Whereas FIG. 1 shows that the ring network 1 is a single-loop ring network, FIG. 2 shows a ring network 10 having more than one loop. For the sake of simplicity a single second loop is shown, and the configuring process can also be used in networks containing more than two loops or rings. Here further links are connected to interfaces 33, 43 of nodes 3, 4, which links connect nodes 3 and 4 to other nodes 7 and 8. Even these nodes 7 and 8 each have at least two respective interfaces 71, 72 and 81, 82. Just as in the one-loop ring network 1 according to FIG. 1, one of the nodes, here node 8, is designed as a ring manager in the multi-loop ring network 10 according to FIG. 2 in addition to ring manager 2 (FIG. 1).
Finally, an especially essential point for the invention can be seen in the fact that the participating nodes (here with the reference numerals 2 to 6 in a simple ring network or 2 to 8 in a multiloop ring network) can be used in networks over great distances that can also amount to several kilometers or even more. Thus, the process in accordance with the invention offers a configuration of the redundancy profile of the nodes in a ring network centrally from one location, namely, the ring manager. Thus, it is no longer necessary that the person whose job it is to configure the nodes has to go physically to each node in order to configure it.

Claims

1. In a network having a plurality of nodes each with at least two ports and links connecting the ports in a ring, the improvement wherein one of the nodes is configured as a ring manager capable of configuring the other nodes via the links.
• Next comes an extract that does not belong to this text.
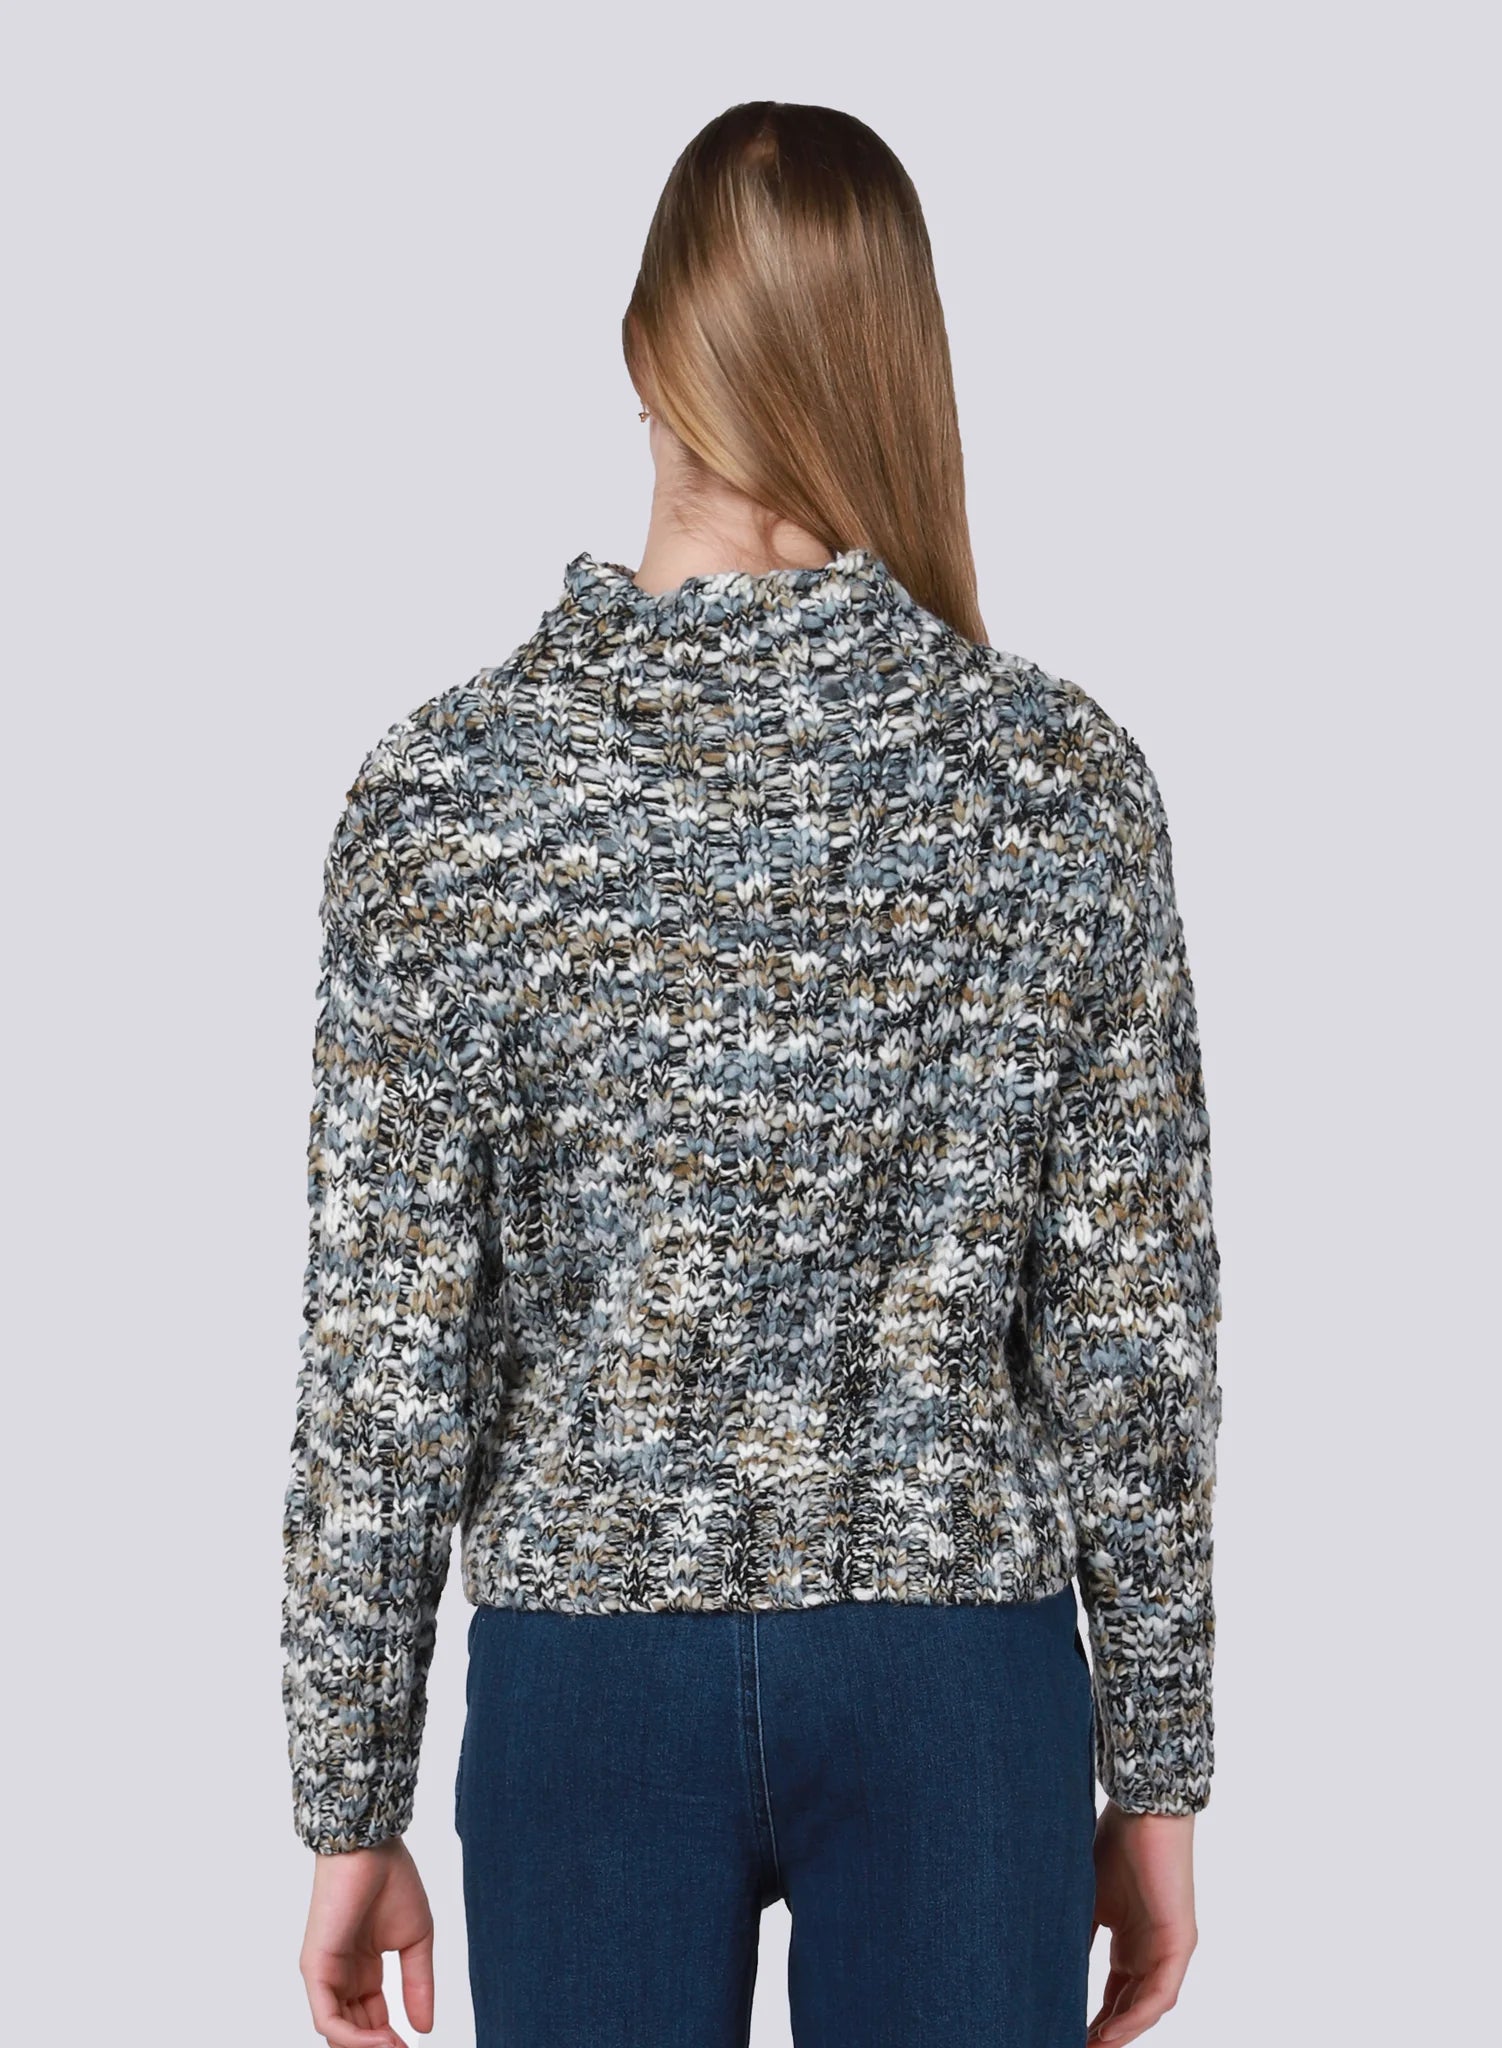 Multi Colored Textured Stitch Sweater

2. The ring network defined in claim 1 wherein the ring manager can send out over the links data packets capable of configuring the ports of the other nodes.

3. The ring network defined in claim 1 wherein there is only one ring manager in the network.

4. The ring network defined in claim 1, further comprising

a second ring network including a plurality of second nodes each with two respective ports and second links connecting the ports of the second nodes in a ring, one of the other nodes of the first-mentioned ring network having interfaces connected to links of the second network, the ring manager being capable of configuring the second nodes via the one other node.

5. The ring network defined in claim 1 wherein one of the nodes is configured as a redundancy manager.

6. The ring network defined in claim 1 wherein the links are hard-wired.

7. A method of configuring nodes connected in a network wherein each of the nodes has at least two interfaces and links connect the nodes in a ring, the method comprising establishing one of the nodes as a ring manager and using it to send data packets via the links to the other nodes and configure the other nodes with the data packets.

8. The method defined in claim 7 wherein each of the other nodes uses the data packets from the ring manager to configure itself and any other nodes connected to itself.

9. The method defined in claim 7 wherein the data packets are circulated on the links through the nodes until all the other nodes are configured.